Sadomasochism in GR, in Germany, in the Western world

Mark Kohut mark.kohut at gmail.com
Tue Mar 15 05:31:00 CDT 2016


Last evening I watched a lesser-known Fritz Lang movie entitled
*CLASH BY NIGHT. 1952 *( always drawn to those Arnold lines since
I was a freshman, but Fritz 'reduces' them to personal psychic
forces here, i suggest). From an Odets play which consensus opinion
seems to say is worse than the movie.

Anyway, it is fascinating, good not great, some character changes at the
speed of infinite delta T,
 but so full of  themes and lines of meaning that resonate with some of our
Plist
stuff on male-female relationships in Pynchon.

First: that there is violence in relationships. Early scene where the young
Marilyn
character and her boyfriend discuss reported male violence in a town
marriage. He asserts he is for it; she resists, says she'll fight back and,
in a 'show-me' skirmish, she bites him. Later, a crucial scene, where
he demands her commitment and obedience--and she flings herself into
his arms. (See Strong men motif below).

The guy who Barbara Stanwyck cannot help but fall for talks violently about
his wife, himself is judged a misogynist and accepts that. An uncle to our
nice guy protagonist, who plays an Iago-type,
talks of taking the whip to women and horses.

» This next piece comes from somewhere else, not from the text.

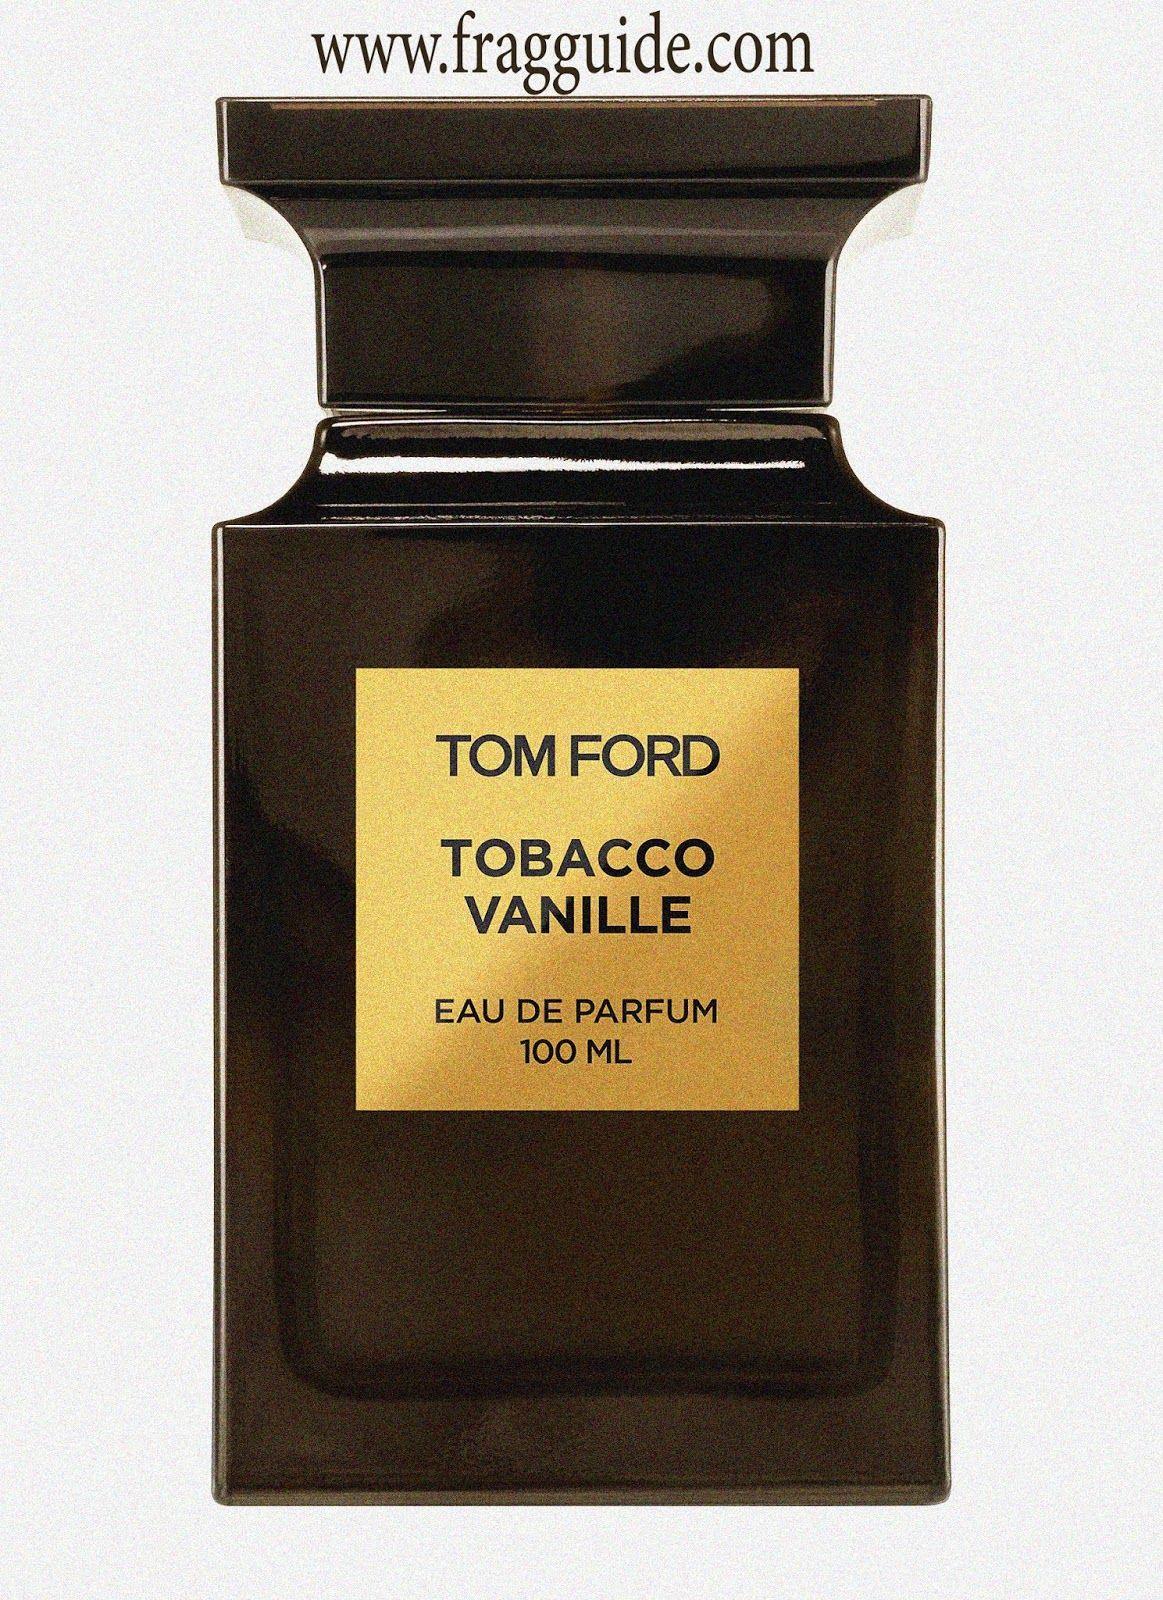 عطر توباكو فانيل Tobacco Vanille للجنسين من توم فورد Tom Ford سيد عطور الشتاء صورة أثناء بحثك عن عطر شت Perfume Bottles Eau De Parfum Fragrance

The motif of women who want Strong Men is pervasive. A man who
'gives me confidence, who makes me feel secure", and more and worse words
from Stanwyck and mirrored in the M. Monroe and her guy relationship. And
Ryan
'wins' a disdainfully resistant Stanwyck---who has slapped and rejected him
at least twice---
by coming onto her again and stealing a kiss one more time. This time it
works.

Barbara had accepted a sweet, kind, loved her unthinkingly, boat-owning
fisherman (who shares his proceeds equally with his crew)  lacking all
guile but boring and predictable and sentimental as Barbara has long gone
beyond. Such qualities make him "weak" .She's done it all in The Big City
and lost.
 ......But there is an incredible scene after the affair is confessed,
and an Iago-like uncle goads this good man into, maybe, killing the lover
and
he confronts him (in a projectionist's booth!) and is choking him almost to
death when
Barbara shows up and, after two-three attempts, breaks her husband's
murderous
spell............what is so amazing here is a shot in which she sees her
lover gasping
helplessly against her enraged husband.......and, I may be projecting, but
his spell over
her is now over....her husband had enough strength to kill him she now
sees.

Anyway, I read major parts of a good Fritz Lang bio once,-- he came of age
in the hothouse crucible that was Vienna 20th Century, hardened, perhaps
deformed  WW1 survivor, German emigre to Holly wood--and I do remember that
he had deep psychic conflicts---one might see them as
psychic wounds as TRP presents so many of them in GR. Psychic deformations
because Europe
early 20th C  Esp re male-female 'relationships', sadomasochistic
sex not surprisingly in his life and a rationalization of power in such
relationships per the above.

if this movie isn't alluded to in GR it could have been.